Formal mental health evaluations also fall outside the wellness visit. The visit includes a brief cognitive screen (a short assessment for memory and thinking changes), but it does not cover a full psychiatric evaluation, depression treatment, or therapy session. If your provider identifies a concern and spends additional time evaluating it, that time gets coded as a separate service.
Facility Fees and Hidden Charges
Even when every service during your visit is genuinely preventive, you can still receive unexpected charges depending on where you go. Some hospital-owned clinics add facility fees, a separate charge for using the building itself, on top of the provider’s fee. These facility fees can apply even during a straightforward preventive visit and may not be covered as part of your $0 preventive benefit. A report highlighted in the American Journal of Managed Care found patients being charged facility fees during routine screenings, turning what should have been a free visit into one with a bill.
Seeing a provider who is out of network is another common trigger.

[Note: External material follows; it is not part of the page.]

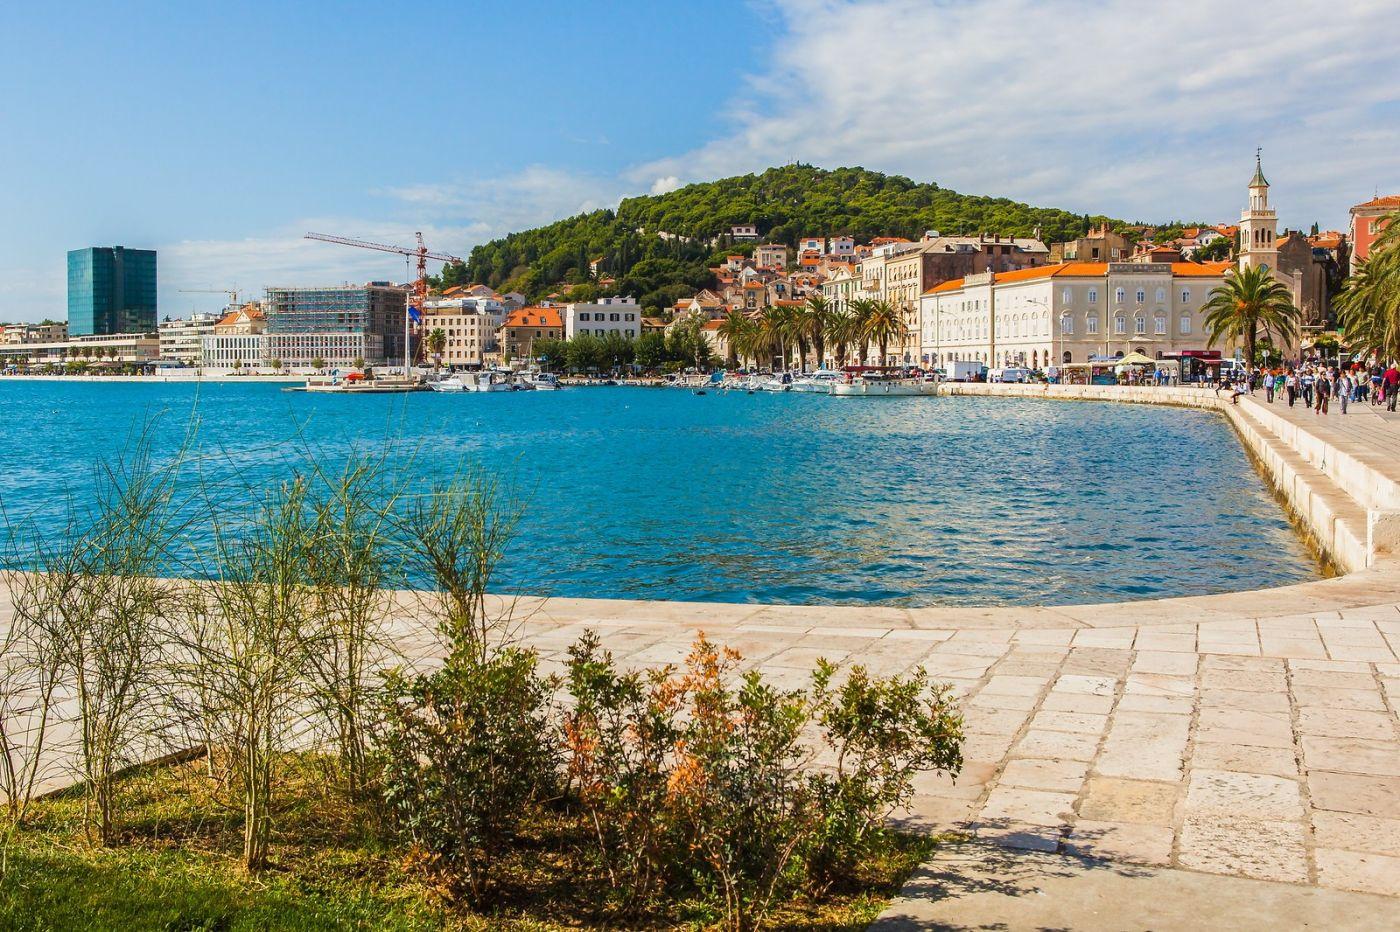 克罗地亚斯普利特(Split),美丽海滨城市_图1-6

The ACA requires most plans to cover preventive services at no cost, but only when you use an in-network provider. Go out of network, and you may owe the full amount.
How to Protect Yourself From Surprise Bills
Before your appointment, call your doctor’s office and your insurance company separately. Ask the office what they plan to include and whether they anticipate billing anything beyond the preventive visit code. Ask your insurer which preventive services are covered at $0 and whether the provider is in-network.
During the visit, be strategic about what you bring up. If you have a new symptom or need medication adjustments, consider scheduling a separate appointment so you know upfront what you’ll owe. Some people prefer to handle everything in one visit for convenience, which is fine, but go in knowing that the extra topics will likely generate extra charges.
After the visit, review your Explanation of Benefits carefully. Look for a second billing code alongside the preventive visit code. If you see one and weren’t told during the appointment that additional services would be billed, call your provider’s billing department to ask why. Coding errors happen, and they can sometimes be corrected.